Hi Guys, I'm looking for advice on gluing photo-etched parts. I never had the opportunity to use them, but I am building the 1/200 USS Arizona and bought a detail up kit. Thinking that photo-etched parts really make a model pop.
Questions: What kind of glue is used. How do you apply it to such small parts. If you're using super-glue do you use a gel? Or are you using a clear glue?
I did buy a photo-etche bending tool - which I see as a must have item.
Any advice will be much appreicated as I guess still have 192 photo-etched parts to go! Thanks


----------



## djnick66 (May 2, 2008)

I use a few different glues depending on the part and where/how it has to be added. A gel type CA glue is good for a lot of pieces. For rather flat parts with a lot of gluing surface, I use Gator's Grip acrylic glue. Its water based and you can position the part and move it around more than CA glue. Sometimes I will use a bit of GG glue to stick a part down and hold it in place while I apply some thin CA to the edge of the part to permanently set it.

Things like railings are usually glued with thick CA and then touched up with paint.


----------



## steve123 (Feb 9, 2009)

You might want to get another smaller kit and the PE for it and use it for practice. It's not an intuitive skill, you really need to have experience for a big kit like that. I'm pretty good at this stuff but PE can drive ya nuts.
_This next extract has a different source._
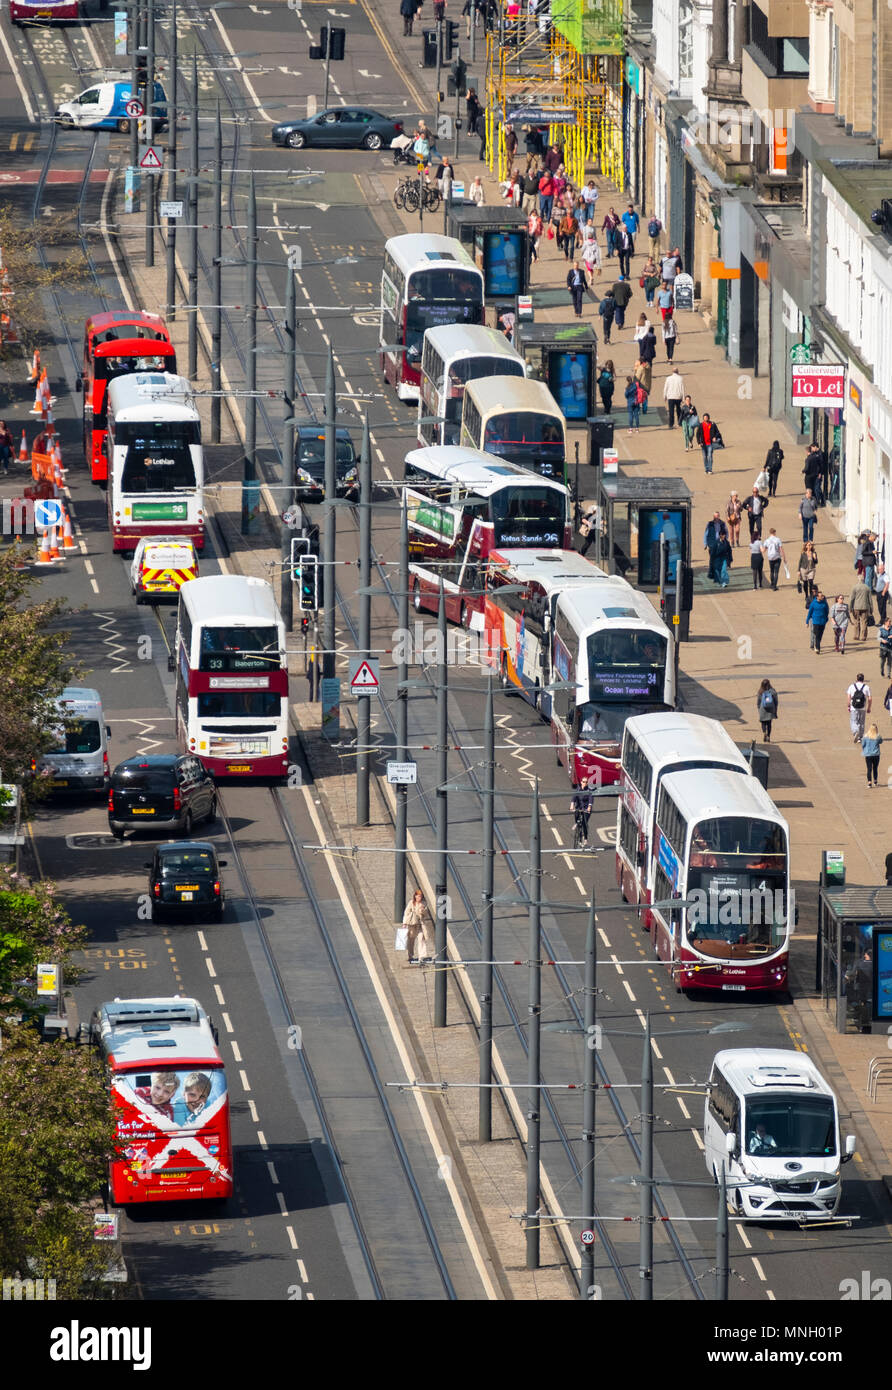 La circulation des bus de transport public occupé sur Princes Street, dans le centre de Edimbourg, Ecosse, Royaume-Uni Photo Stock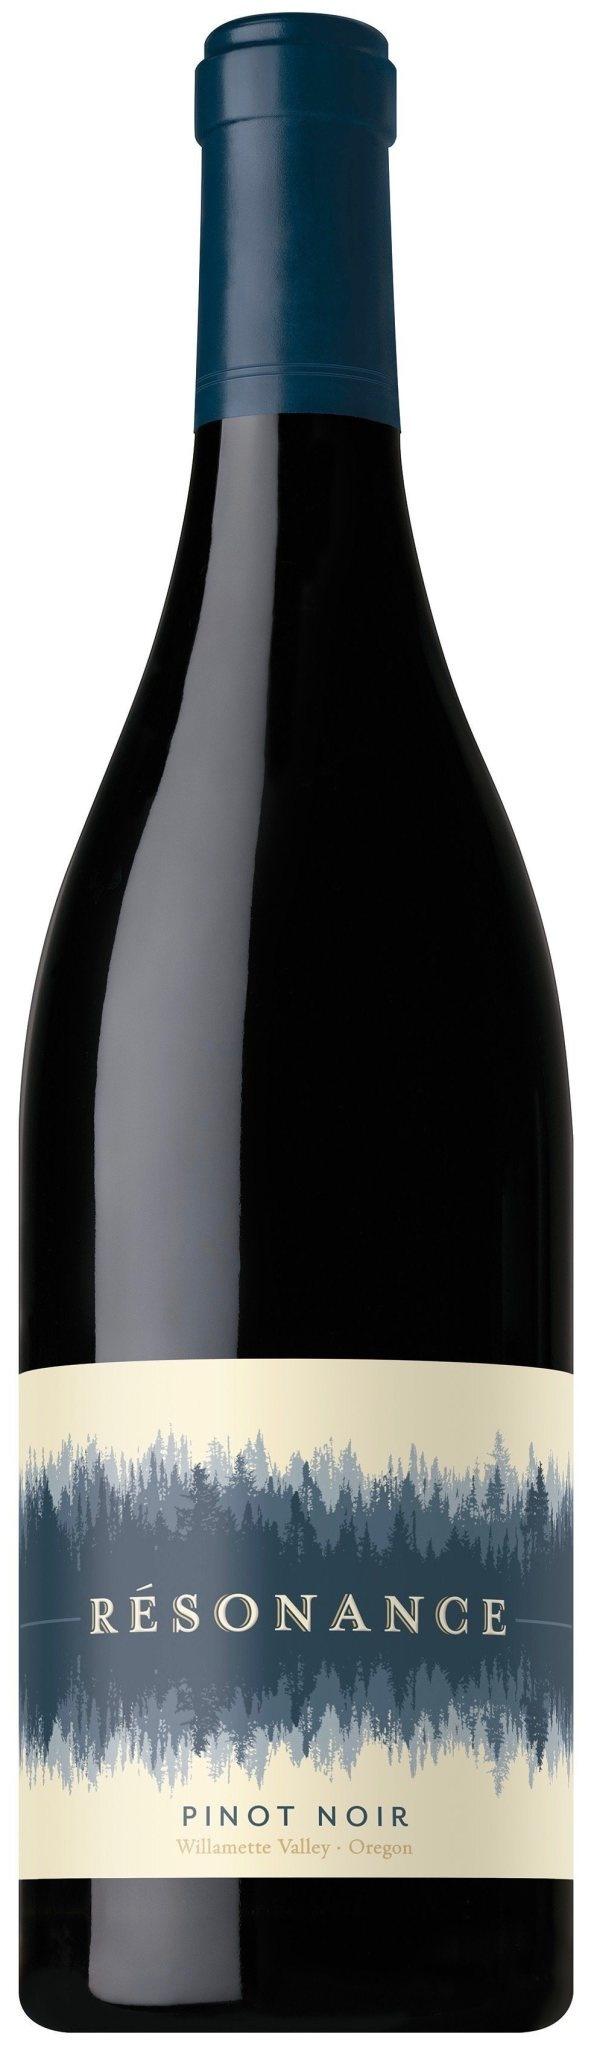 Resonance Pinot Noir 2016 - 750ml

Some dividers to measure railing runs will be a big help too. 
Some good sharp cutters, dull or cheap cutters can bend the cut end slightly and cause another problem.

Steve


----------



## SfanGoch (May 28, 2011)

You will get better results by soldering the PE parts. It's not as difficult as you might imagine; and, the parts look better without telltale beads of solidified cyanacrylate possibly covering and/or obscuring details.


----------



## jaws62666 (Mar 25, 2009)

myk said:


> Hi Guys, I'm looking for advice on gluing photo-etched parts. I never had the opportunity to use them, but I am building the 1/200 USS Arizona and bought a detail up kit. Thinking that photo-etched parts really make a model pop.
> Questions: What kind of glue is used. How do you apply it to such small parts. If you're using super-glue do you use a gel? Or are you using a clear glue?
> I did buy a photo-etche bending tool - which I see as a must have item.
> Any advice will be much appreicated as I guess still have 192 photo-etched parts to go! Thanks


I just got the same kit this weekend. It sucks that the directions dont show where to put all of the railings with the etch that comes with the kit. i guess you just put it where you think it needs to be. It is a huge, nicely detailed kit though.


----------